1. Flink environment preparation

Single-machine deployment mode Using FLink is very simple. You only need to download the FLink package and run the./bin/start-cluster.sh command to start the FLink service. You can open the web user interface (WebUI) at http://localhost:8081/.

2. Prepare the test database

As an ETL task, we need to specify the input Source Source and output Source Sink.
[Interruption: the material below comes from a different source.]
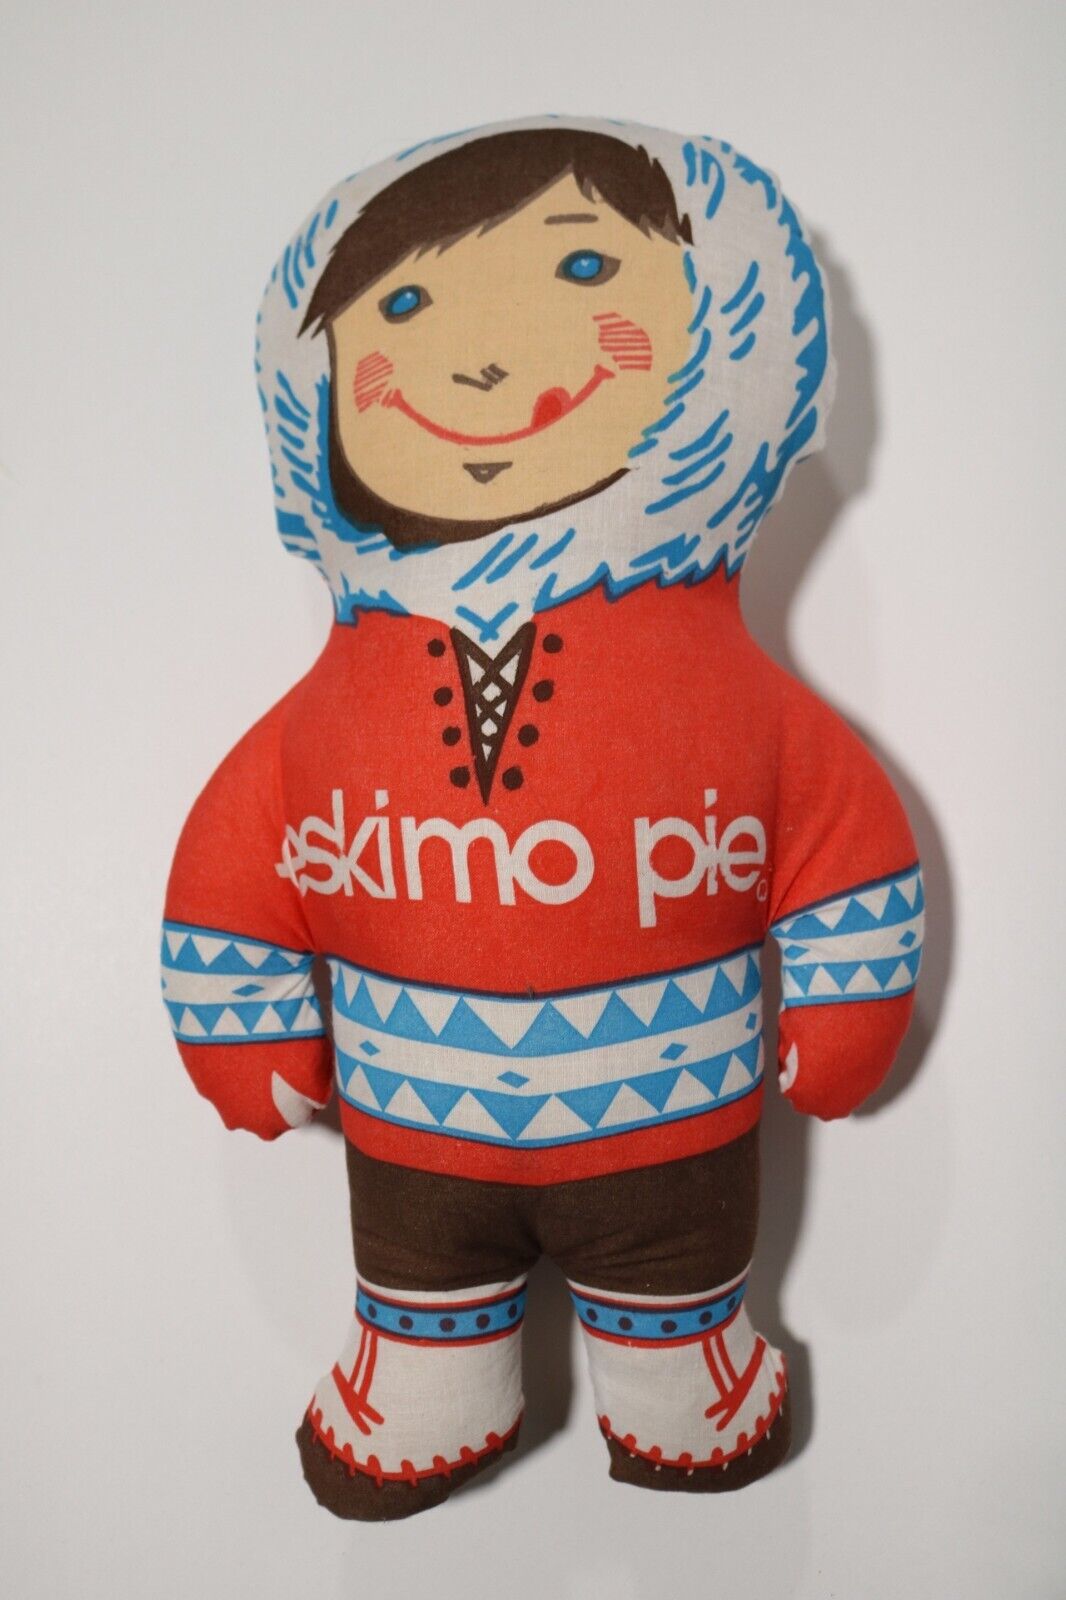 🍦 Vintage Eskimo Pie Advertising Plush Cloth Doll 15” Ice Cream Promotional 70s
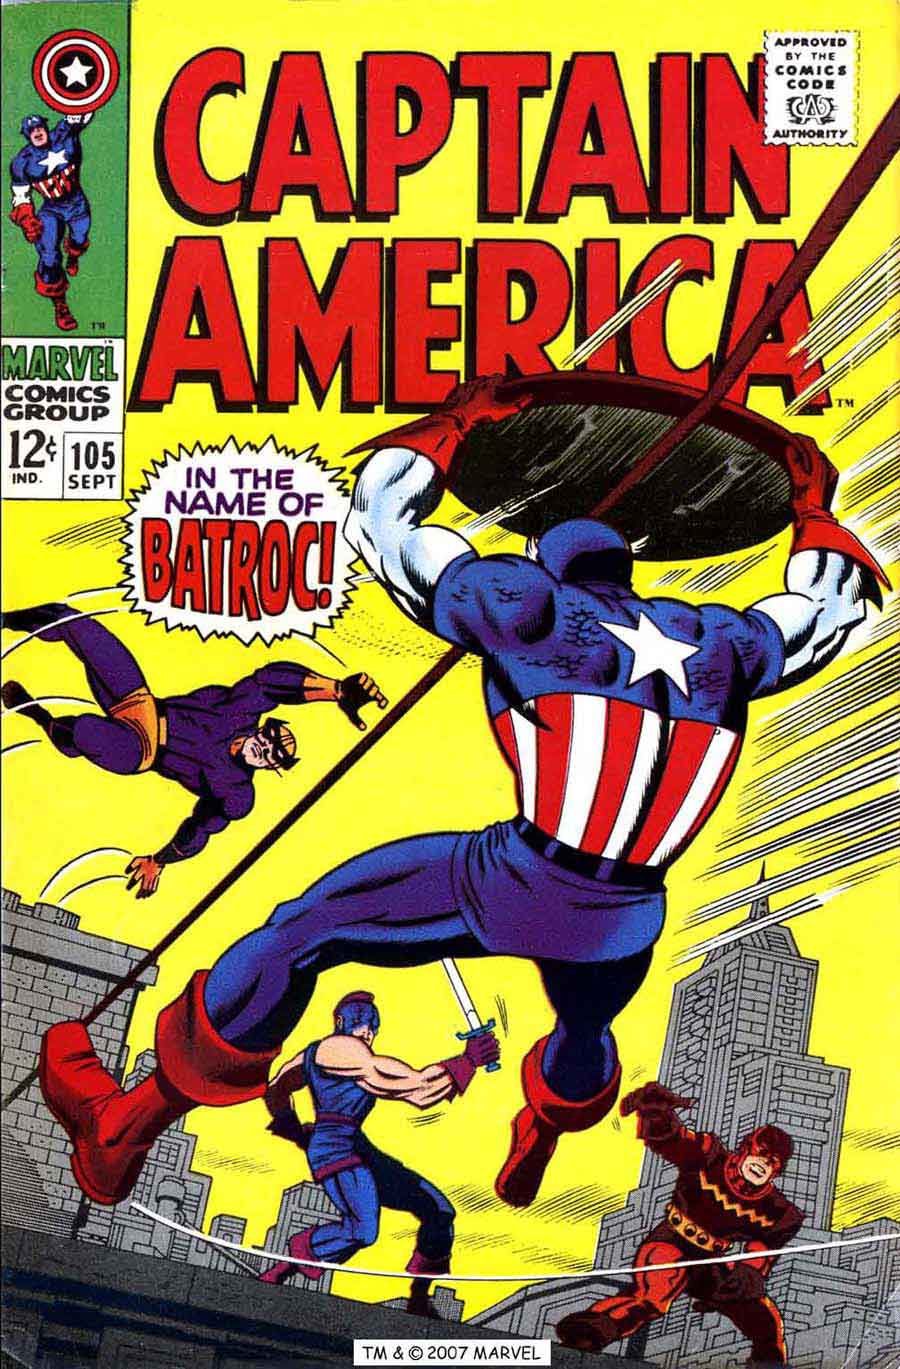 Captain America v1 #105 marvel comic book cover art by Jack Kirby

Here I use local MySQL as both input and output data sources.

2.1 Establishing a Database

Enter database
CREATE DATABASE `flink_source`;
CREATE TABLE `user` (
  `id` bigint(20) NOT NULL AUTO_INCREMENT,
  `username` varchar(100) NOT NULL,
  `first_name` varchar(100) DEFAULT NULL,
  `last_name` varchar(100) DEFAULT NULL,
  `age` int(11) NOT NULL,
  `user_info` varchar(200) DEFAULT NULL,
  `last_update_time` datetime DEFAULT NULL.PRIMARY KEY (`id`)
)
-- Output database
CREATE DATABASE `flink_sink`;
CREATE TABLE `user_sink` (
  `id` bigint(20) NOT NULL AUTO_INCREMENT,
  `username` varchar(100) NOT NULL,
  `first_name` varchar(100) DEFAULT NULL,
  `last_name` varchar(100) DEFAULT NULL,
  `age` int(11) NOT NULL,
  `user_info` varchar(200) DEFAULT NULL,
  `last_update_time` datetime DEFAULT NULL.PRIMARY KEY (`id`)
)
Copy the code

2.2 Preparing test data

Here we insert two pieces of data into the input source, one age 17 and one age 18. We expect to read and filter out users whose age is 18 or older.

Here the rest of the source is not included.